Pityriasis rosea (say: "pit-ih-rye-ah-sis row-see-ah") is a scaly, reddish-pink skin rash. It is most common in children and young adults, and usually occurs in spring and fall .

Pityriasis rosea is an acute, self-limiting, inflammatory skin disease that produces a "herald" patch, which usually goes undetected, followed by a generalized eruption of papulosquamous lesions. Although this noncontagious disorder may develop at any age, it's most likely to occur in adolescents and young adults. The incidence increases in the spring and fall. Secondary syphilis, dermatophytosis, or a drug reaction may mimic the condition.

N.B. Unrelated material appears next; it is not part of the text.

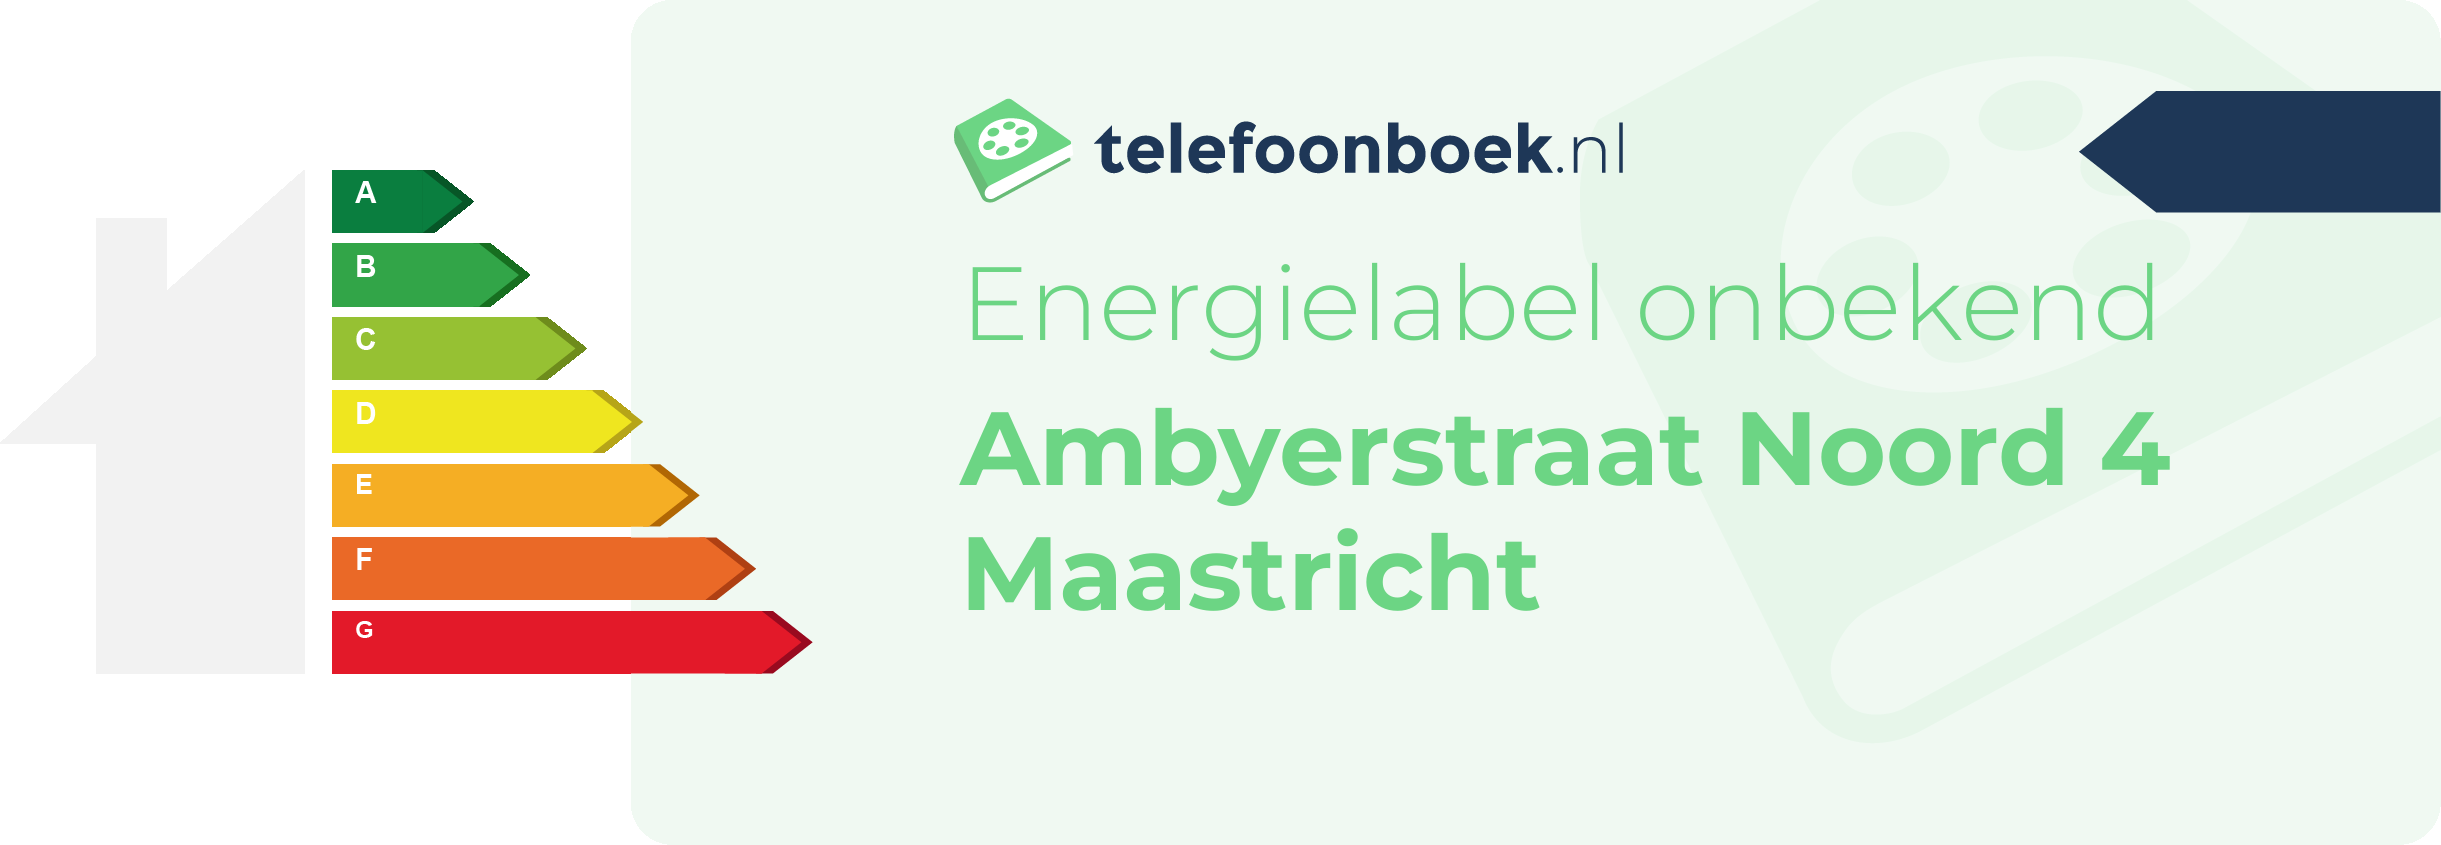 Energielabel Ambyerstraat Noord 4 Maastricht

In pityriasis rosea, the cause is unknown, but the disease's brief course and the virtual absence of recurrence suggest a viral agent or an autoimmune disorder.


Pityriasis rosea usually starts with a pink or tan oval area (sometimes called a herald or mother patch) on the chest or back. The main patch is usually followed (after a couple of weeks) by smaller pink or tan patches elsewhere on the body - usually the back, neck, arms, and legs. The scaly rash usually lasts between four to eight weeks and will disappear without treatment.

The following are other common symptoms of pityriasis rosea. However, each individual may experience symptoms differently. Symptoms may include:
  • headaches
  • fatigue
  • aches
  • itching

Diagnostic tests

Serologic testing is used to rule out secondary syphilis.


Focusing on relief of pruritus, treatment involves emollients, oatmeal baths, antihistamines and, occasionally, exposure to ultraviolet light or sunlight. Topical steroids in a hydrophilic cream base may be beneficial. Rarely, if inflammation is severe, systemic corticosteroids may be required.


These steps may help relieve the discomfort of pityriasis rosea:

  • Bathe and shower in lukewarm water.
  • Take an oatmeal bath. You can find oatmeal bath products at your pharmacy.
  • Use zinc oxide cream or calamine lotion on the rash.
  • Avoid strenuous physical activity if sweating makes the itching worse.